Edit: to clarify, the second option in the poll is "He was *not* noteworthy with opera", apologies for the spelling mistake with "note"


----------



## chu42 (Aug 14, 2018)

ArtMusic said:


> _Pelléas et Mélisande_ is a often regarded as a key work in 20th century music drama. While I have great respect for Debussy with his smaller scale works, particularly piano pieces, his only complete opera is a weak one. Many parts of it sound like the music is supporting the text, like a theatrical piece. What do you think?


It is a good work but not perfect. Much like how Beethoven wasn't a strong opera composer compared to Mozart or Gluck, but Fidelio is still one of the key operas of the Classical era.

Musical drama certainly was not the strength of either Beethoven or Debussy but their genius can be seen in their operas some way or another.


----------



## ArtMusic (Jan 5, 2013)

chu42 said:


> It is a good work but not perfect. Much like how Beethoven wasn't a strong opera composer compared to Mozart, but Fidelio is still one of the key operas of the Classical era.
> 
> Musical drama certainly was not the strength of either Beethoven or Debussy but their genius can be seen in their operas some way or another.
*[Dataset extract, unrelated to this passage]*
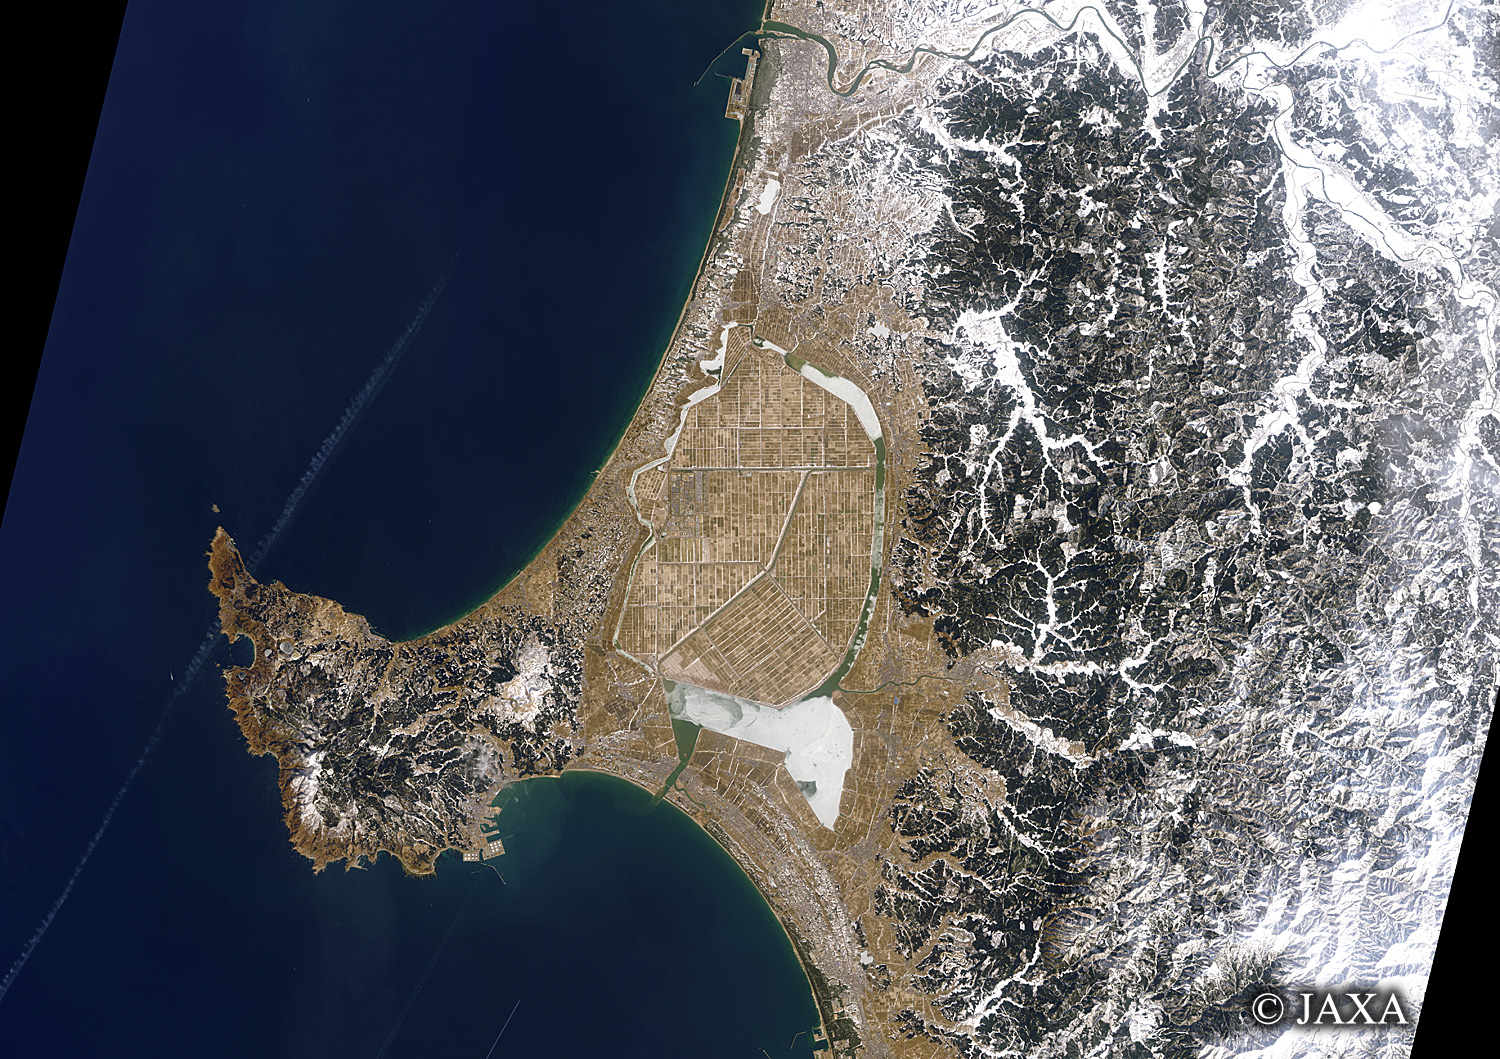 だいちから見た日本の都市 男鹿半島と八郎潟:衛星画像

Thank you. I think Beethoven had a greater sense of opera than Debussy did.


----------



## SanAntone (May 10, 2020)

ArtMusic said:


> _Pelléas et Mélisande_ is a often regarded as a key work in 20th century music drama. While I have great respect for Debussy with his smaller scale works, particularly piano pieces, his only complete opera is a weak one. Many parts of it sound like the music is supporting the text, like a theatrical piece. What do you think?
> 
> Edit: to clarify, the second option in the poll is "He was *not* noteworthy with opera", apologies for the spelling mistake with "note"


P&M is imy favorite opera. What I love about it is the style of singing, it is conversational but more musical than recitative. And then there's the orchestration and harmonies. All round fantastic work. I've got three DVDs of it but my favorite is the Robert Wilson minimal version.


----------



## ArtMusic (Jan 5, 2013)

SanAntone said:


> P&M is imy favorite opera. What I love about it is the style of singing, it is conversational but more musical than recitative. And then there's the orchestration and harmonies. All round fantastic work. I've got three DVDs of it but my favorite is the Robert Wilson minimal version.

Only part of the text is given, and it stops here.